> RECORDS TO USE
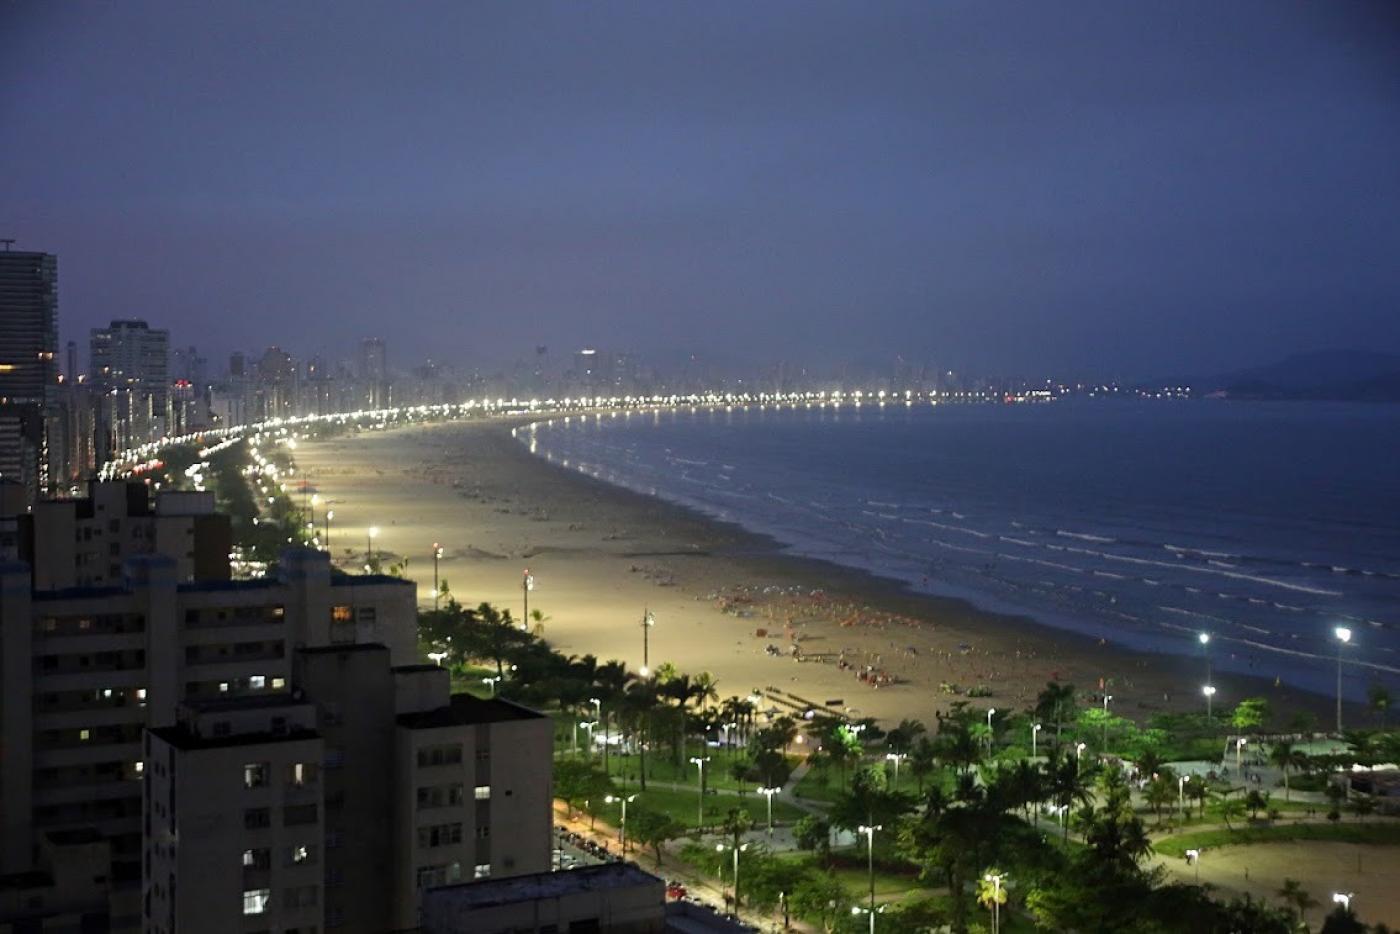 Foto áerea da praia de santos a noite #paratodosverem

--

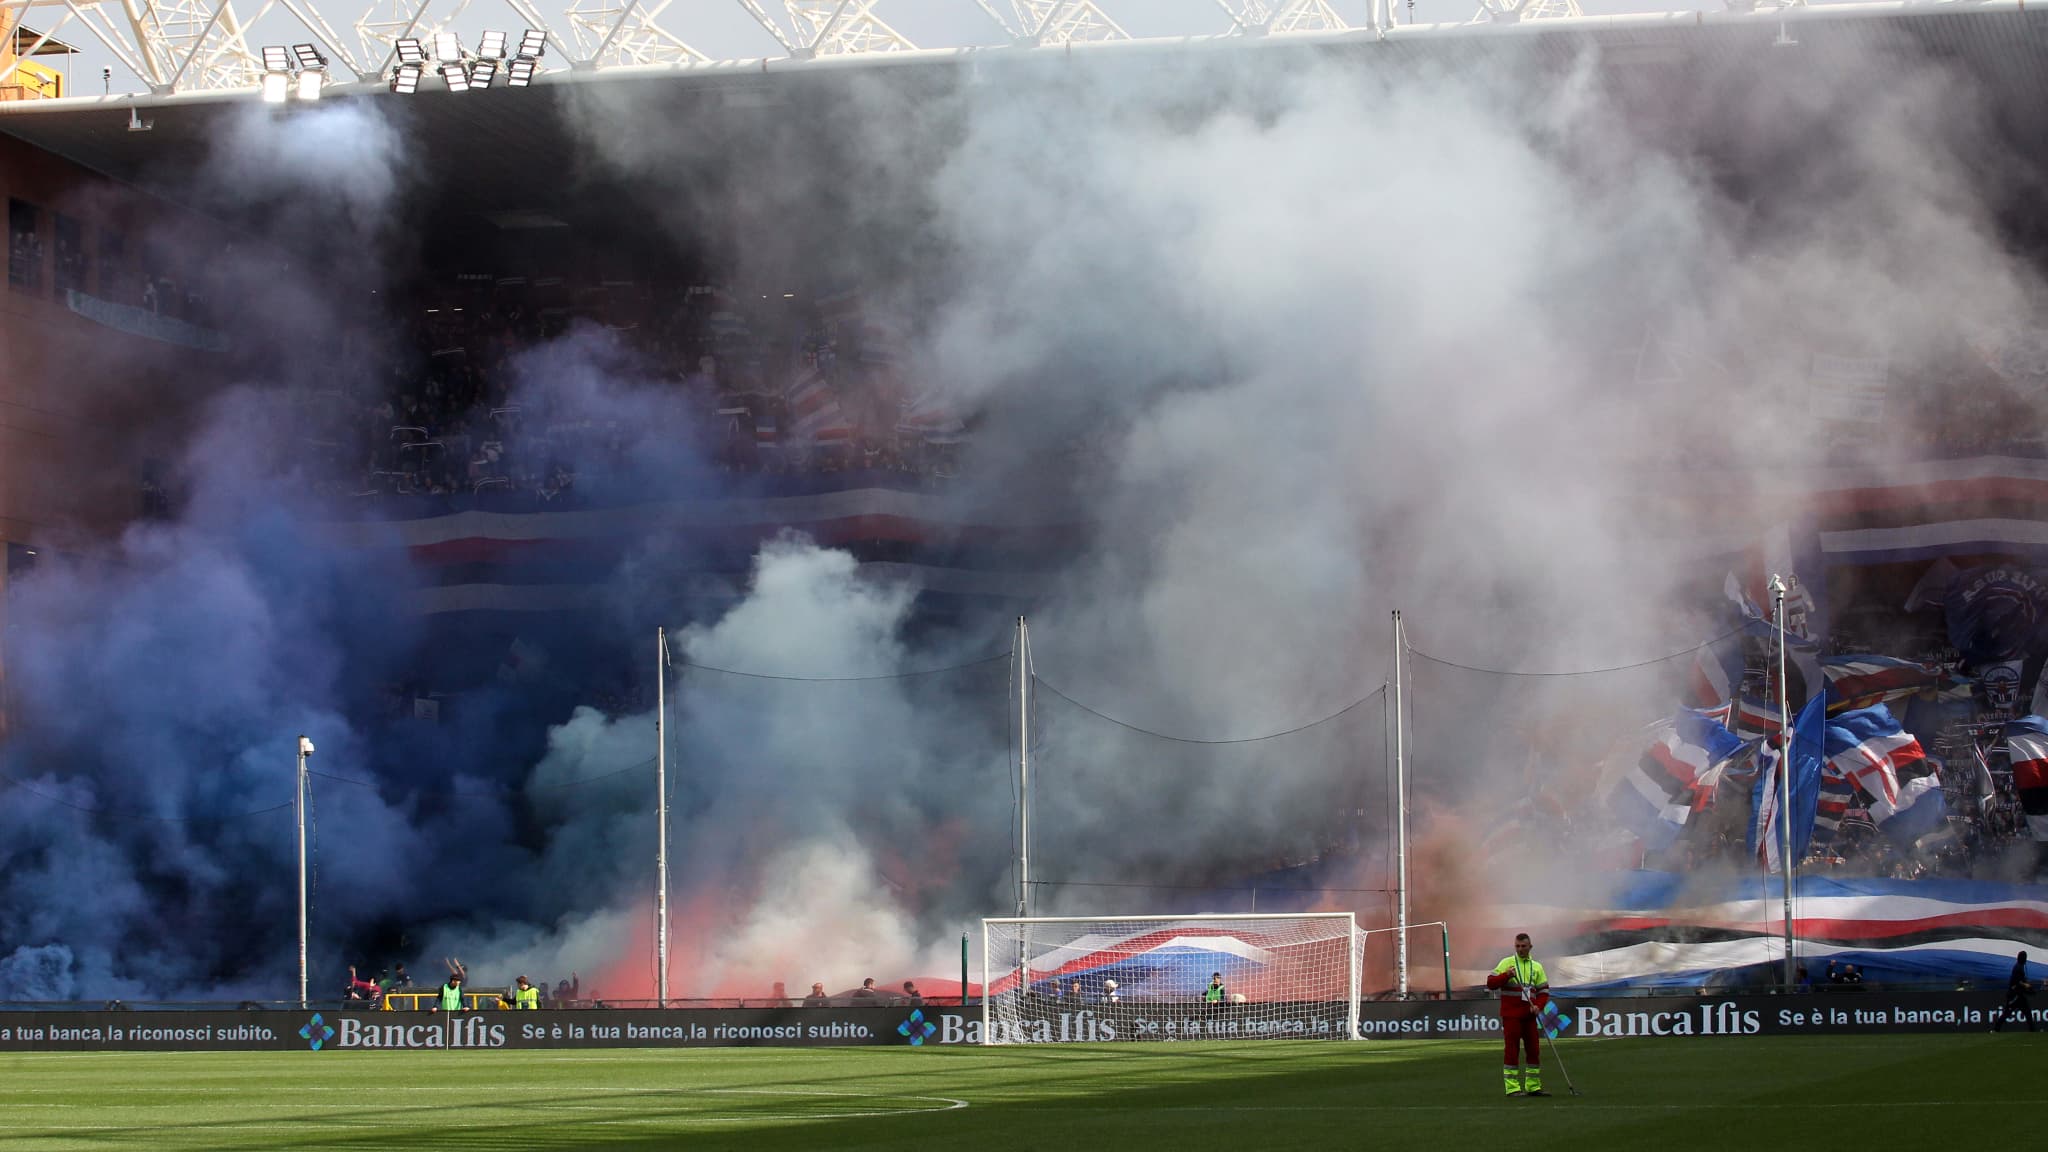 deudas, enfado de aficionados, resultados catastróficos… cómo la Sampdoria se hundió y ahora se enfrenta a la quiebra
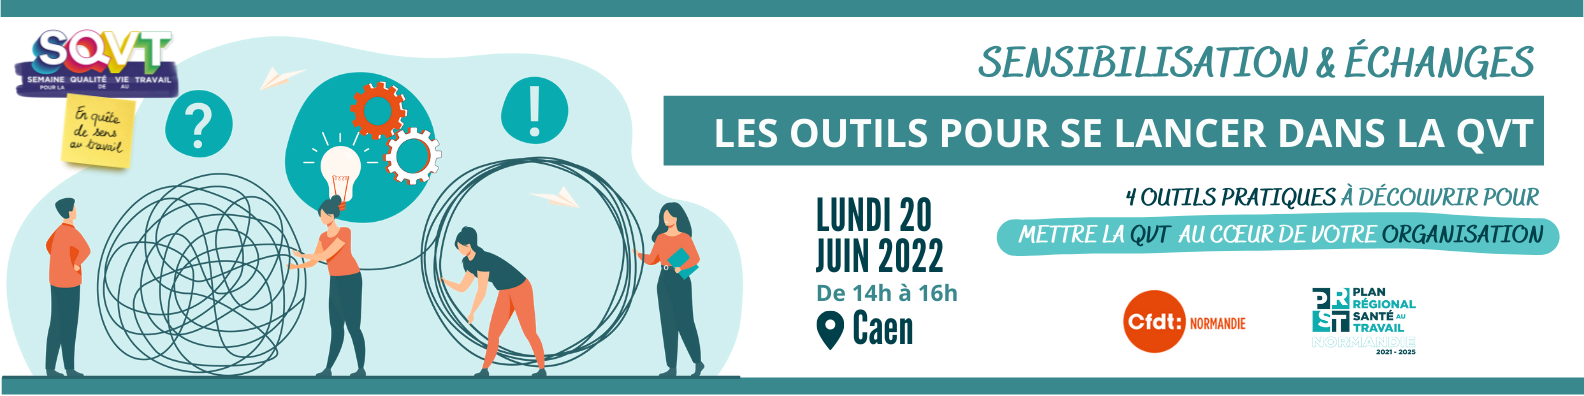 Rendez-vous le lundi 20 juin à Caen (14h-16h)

> WHAT THE TASK ASKS
Skipping every picture, transcribe exactly the lines above from the one containing "deudas, enfado de" through the one containing "Rendez-vous le lundi", both included.

> WORKED SOLUTION
 deudas, enfado de aficionados, resultados catastróficos… cómo la Sampdoria se hundió y ahora se enfrenta a la quiebra
 Rendez-vous le lundi 20 juin à Caen (14h-16h)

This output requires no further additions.